4.8 1995 Stock Plan for Non-Employee Directors.
(Incorporated by reference to Exhibit No. 10.16 as
filed with the Company's Amendment No. 1 to Form S-1 on
February 8, 1995, No. 33-56573).
*5 Opinion of Shearman & Sterling as to the validity of
the original issuance of the securities being
registered.
*23.1 Consent of Arthur Andersen LLP.
23.2 Consent of Shearman & Sterling (included in Exhibit 5).

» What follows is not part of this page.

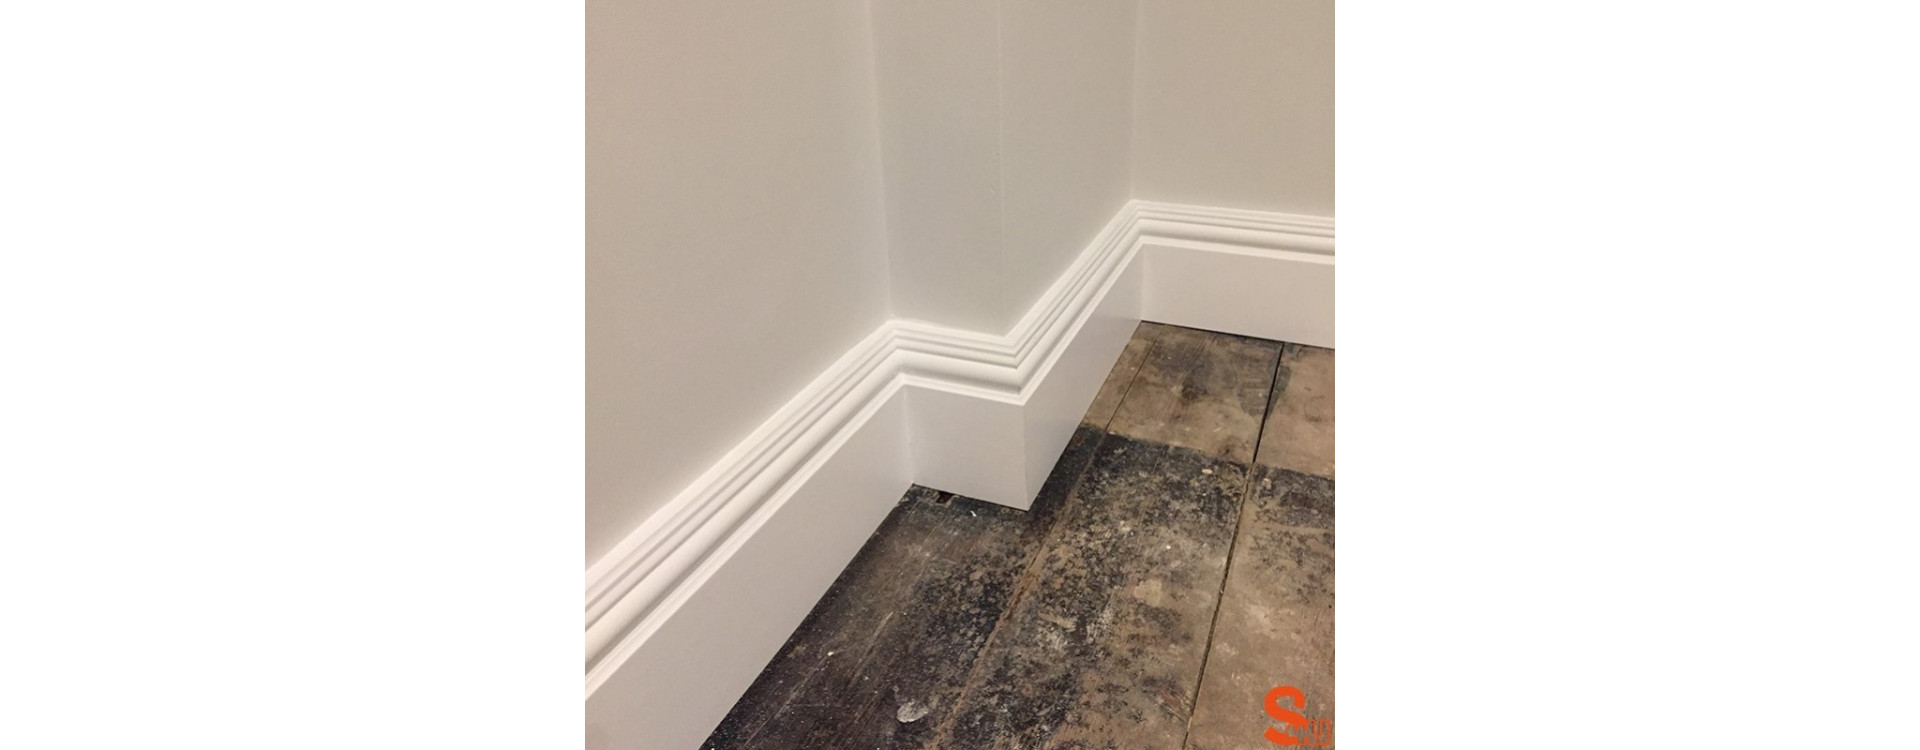 A guide on how to fit skirting boards - Wood Create

24 Powers of Attorney (included as part of signature
page.
------------
*Filed herewith
ITEM 9. UNDERTAKINGS.
(a) The undersigned Registrant hereby undertakes:
(1) To file, during any period in which offers or sales are being
made, a post-effective amendment to this Registration
Statement:
(i) To include any prospectus required by Section 10(a)(3) of
the Securities Act;
(ii) To reflect in the prospectus any facts or events arising
after the effective date of the Registration Statement (or
the most recent post-effective amendment thereof) which,
individually or in the aggregate, represent a fundamental
change in the information set forth in the Registration
Statement. Notwithstanding the foregoing, any increase or
decrease in volume of securities offered (if the total
dollar value of securities offered would not exceed that
- 6-
which was registered) and any deviation from the low or
high end of the estimated maximum offering range may be
reflected in the form of prospectus filed with the
Commission pursuant to Rule 424(b) if, in the aggregate,
the changes in volume and price represent no more than a
20% change in the maximum aggregate offering price set
forth in the "Calculation of Registration Fee" table in
the effective registration statement.
(iii) To include any material information with respect to the
plan of distribution not previously disclosed in the
Registration Statement or any material change to such
information in the Registration Statement;
Provided, however, that paragraphs (a)(1)(i) and
(a)(1)(ii) do not apply if the Registration Statement is
on Form S-3 or Form S-8 and the information required to be
included in the post-effective amendment by those
paragraphs is contained in periodic reports filed by the
Registrant pursuant to Section 13 or Section 15(d) of the
Exchange Act that are incorporated by reference in the
Registration Statement.
(2) That, for the purpose of determining any liability under the
Securities Act, each such post-effective amendment shall be
deemed to be a new registration statement relating to the
securities offered therein, and the offering of such securities
at that time shall be deemed to be the initial bona fide
offering thereof.
(3) To remove from registration by means of a post-effective
amendment any of the securities being registered which remain
unsold at the termination of the offering.
(b) The undersigned Registrant hereby undertakes that, for purposes of
determining any liability under the Securities Act, each filing of
the Registrant's annual report pursuant to Section 13(a) or
Section 15(d) of the Exchange Act (and, where applicable, each
filing of an employee benefit plan's annual report pursuant to
Section 15(d) of the Exchange Act) that is incorporated by reference
in the Registration Statement shall be deemed to be a new
registration statement relating to the securities offered therein,
and the offering of such securities at that time shall be deemed to
be the initial bona fide offering thereof.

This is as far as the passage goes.